Find the line below with "15 Einfach Figurbetontes" and the line with "Deckenkonstruktion Einhangshalle Flughafen". Output them and the lines between, exactly, but not the pictures.

● Data for this task:
-*-
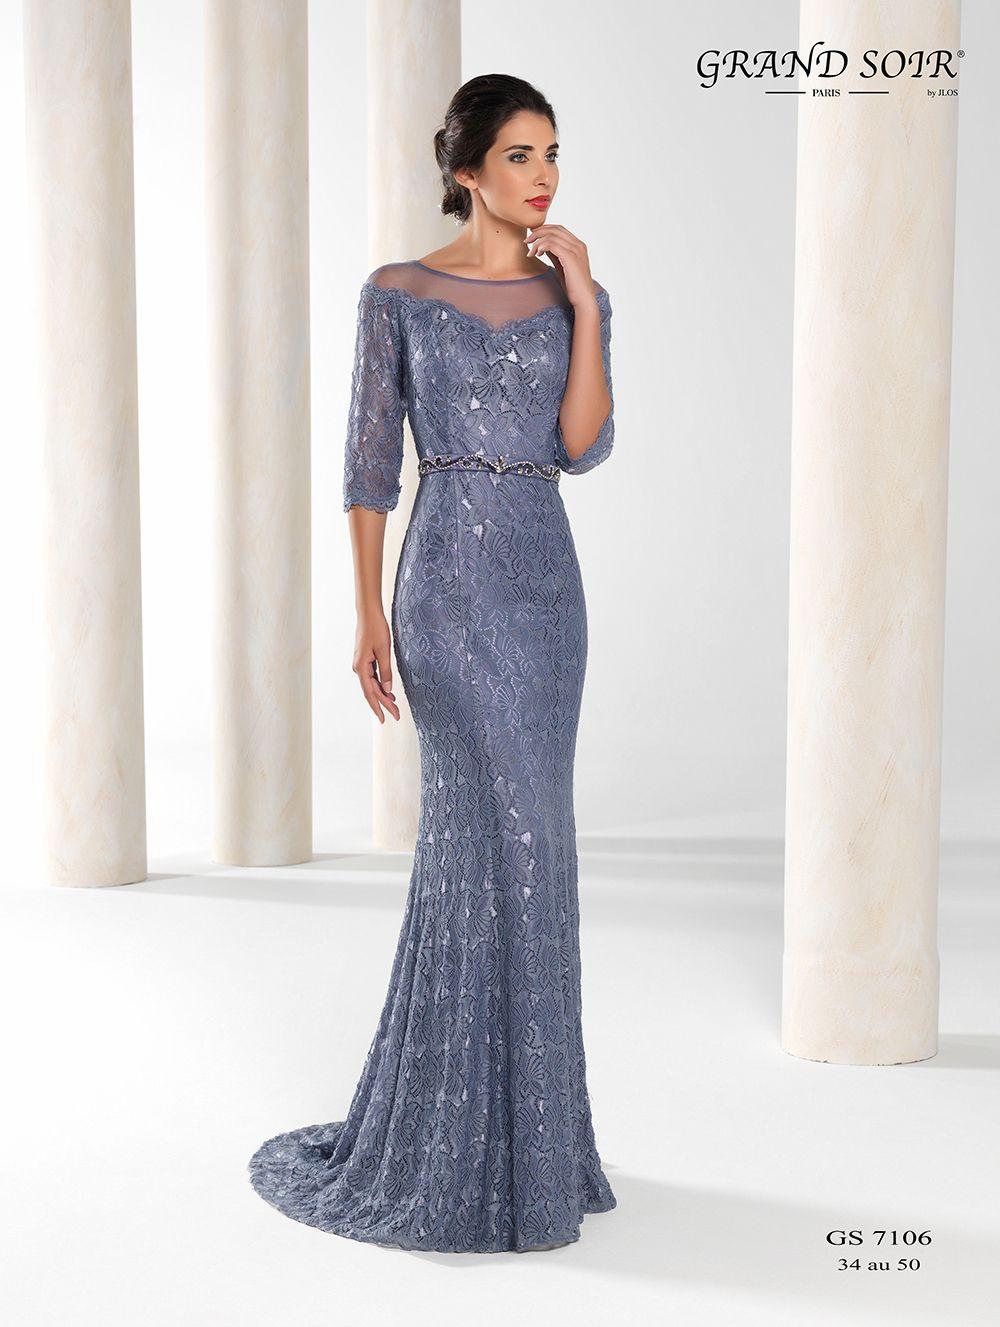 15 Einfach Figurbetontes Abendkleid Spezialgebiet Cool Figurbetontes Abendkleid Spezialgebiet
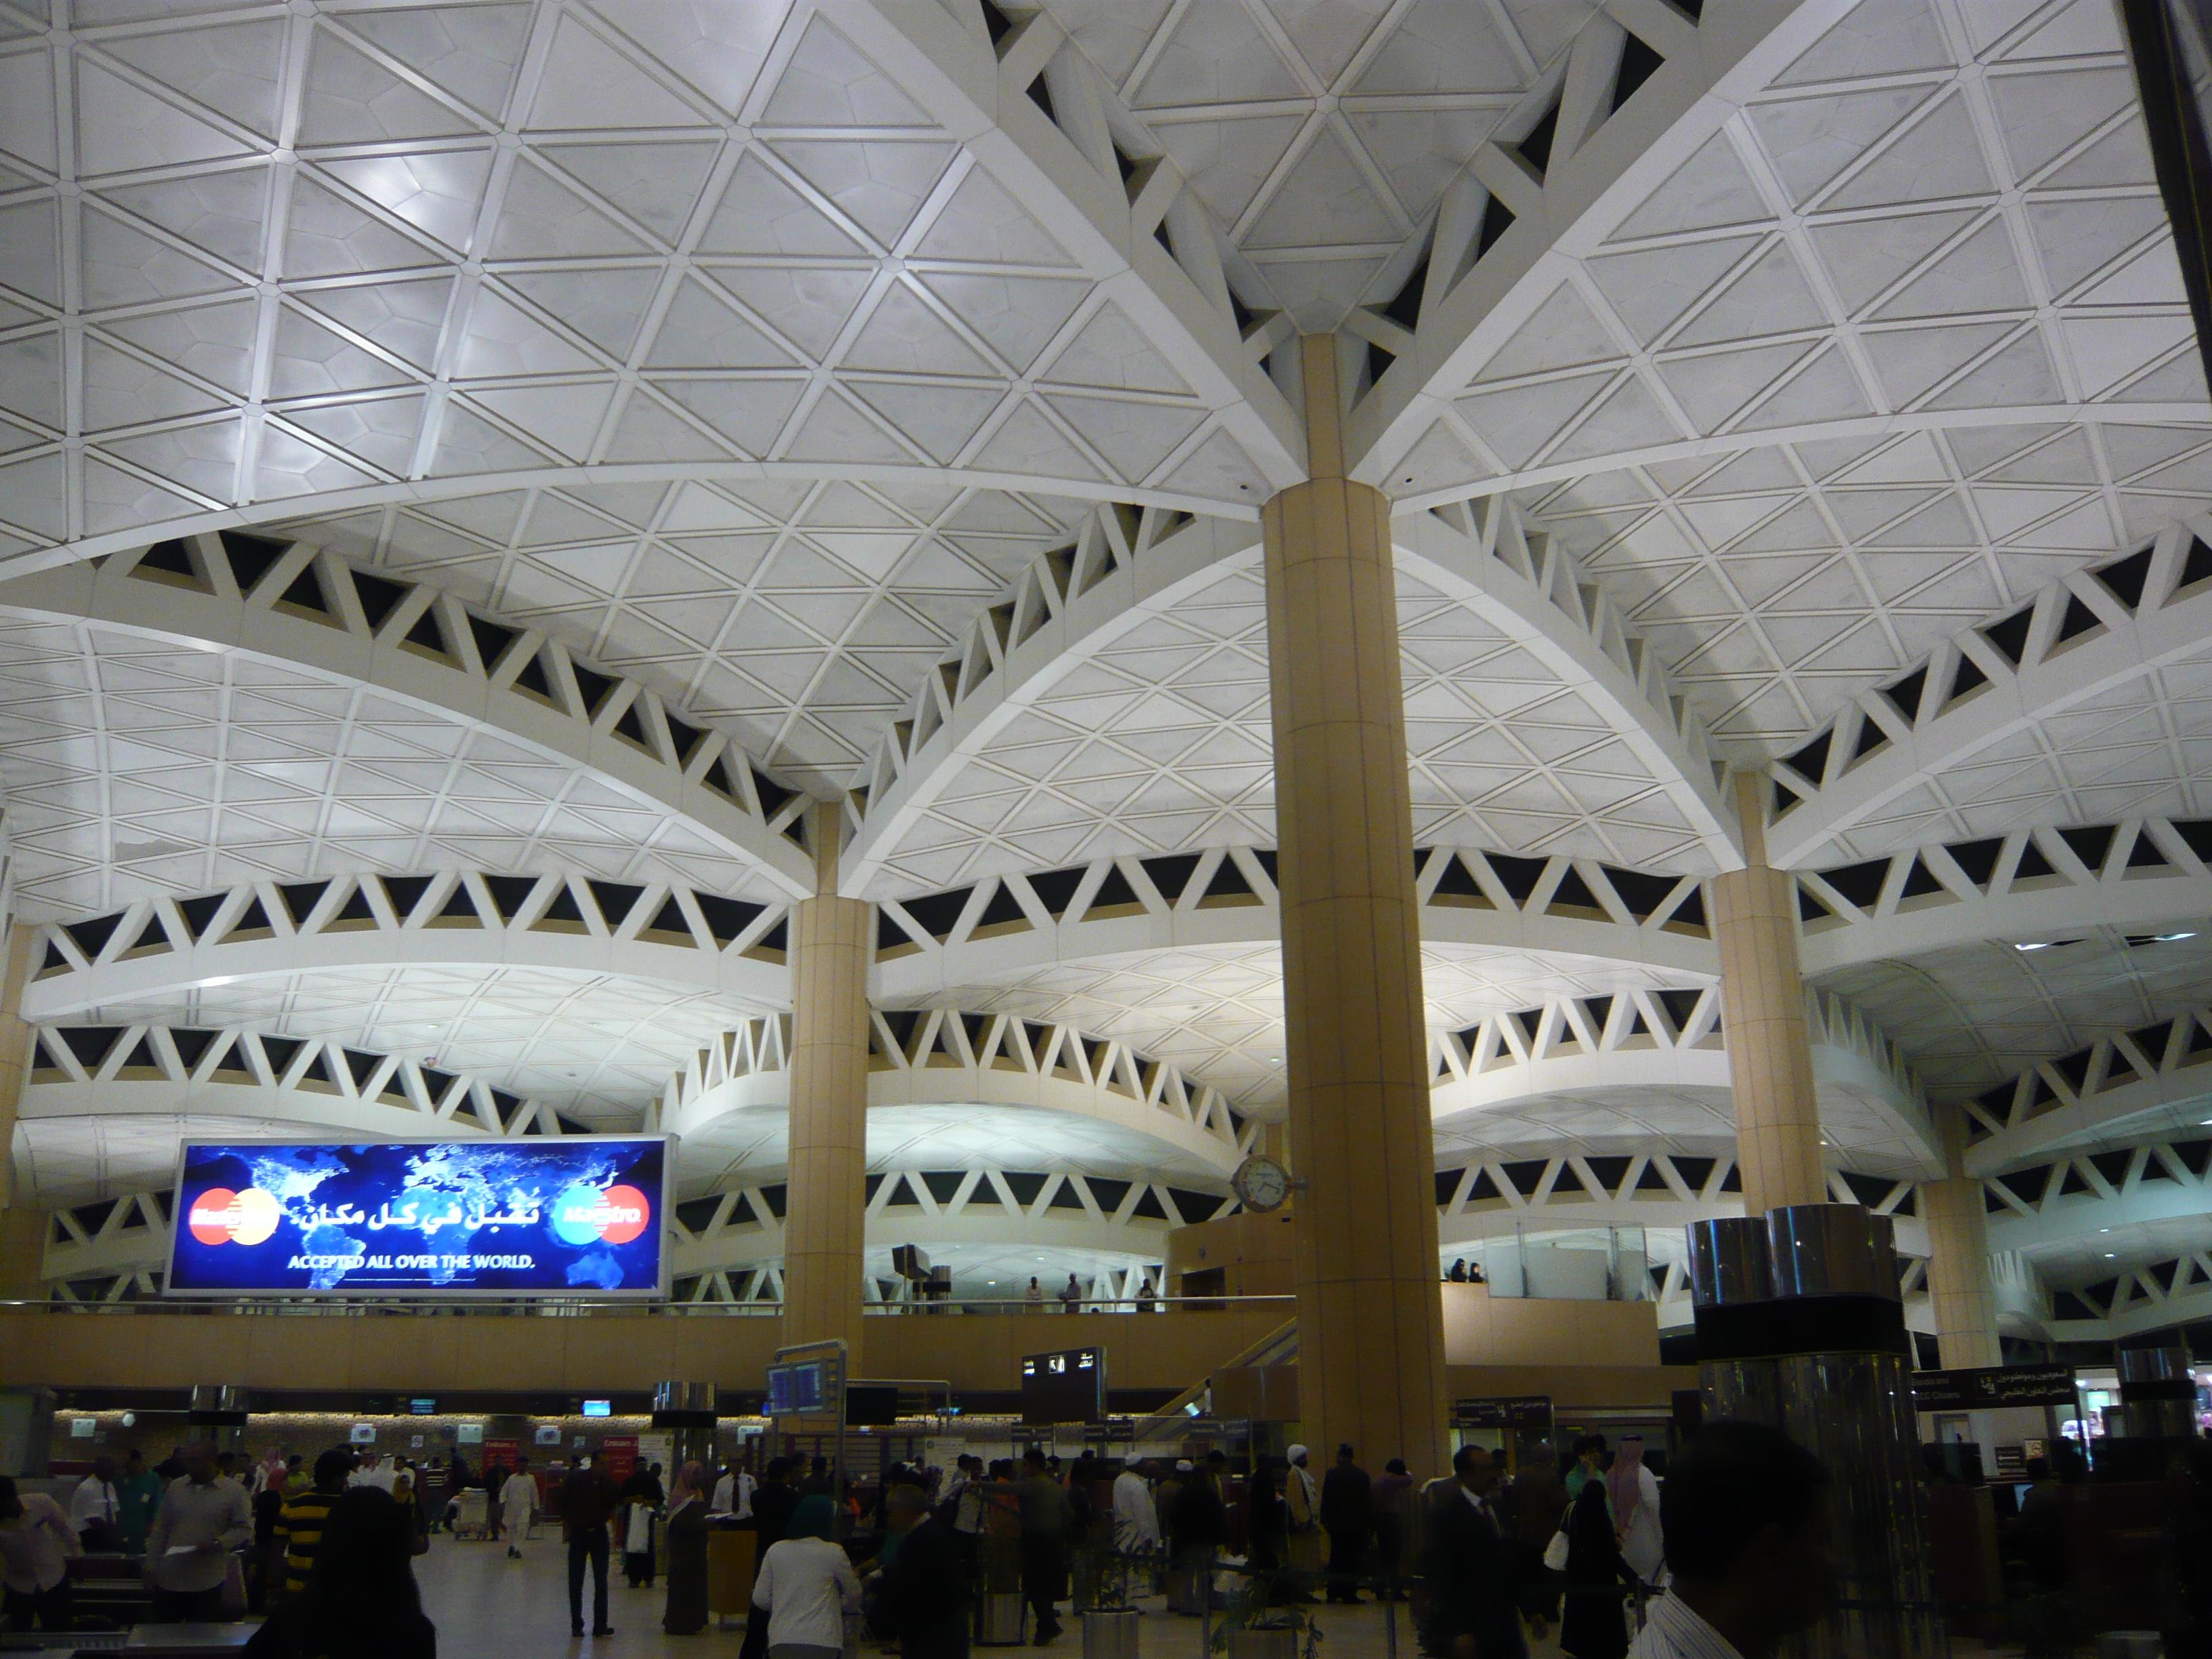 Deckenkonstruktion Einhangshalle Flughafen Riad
-*-
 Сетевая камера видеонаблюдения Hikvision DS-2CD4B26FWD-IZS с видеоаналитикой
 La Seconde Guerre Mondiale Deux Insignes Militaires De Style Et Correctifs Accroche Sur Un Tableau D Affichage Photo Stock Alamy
-*-
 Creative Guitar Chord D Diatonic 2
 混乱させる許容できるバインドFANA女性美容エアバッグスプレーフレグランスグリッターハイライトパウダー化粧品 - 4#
-*-
● Written response:
 15 Einfach Figurbetontes Abendkleid Spezialgebiet Cool Figurbetontes Abendkleid Spezialgebiet
 Deckenkonstruktion Einhangshalle Flughafen Riad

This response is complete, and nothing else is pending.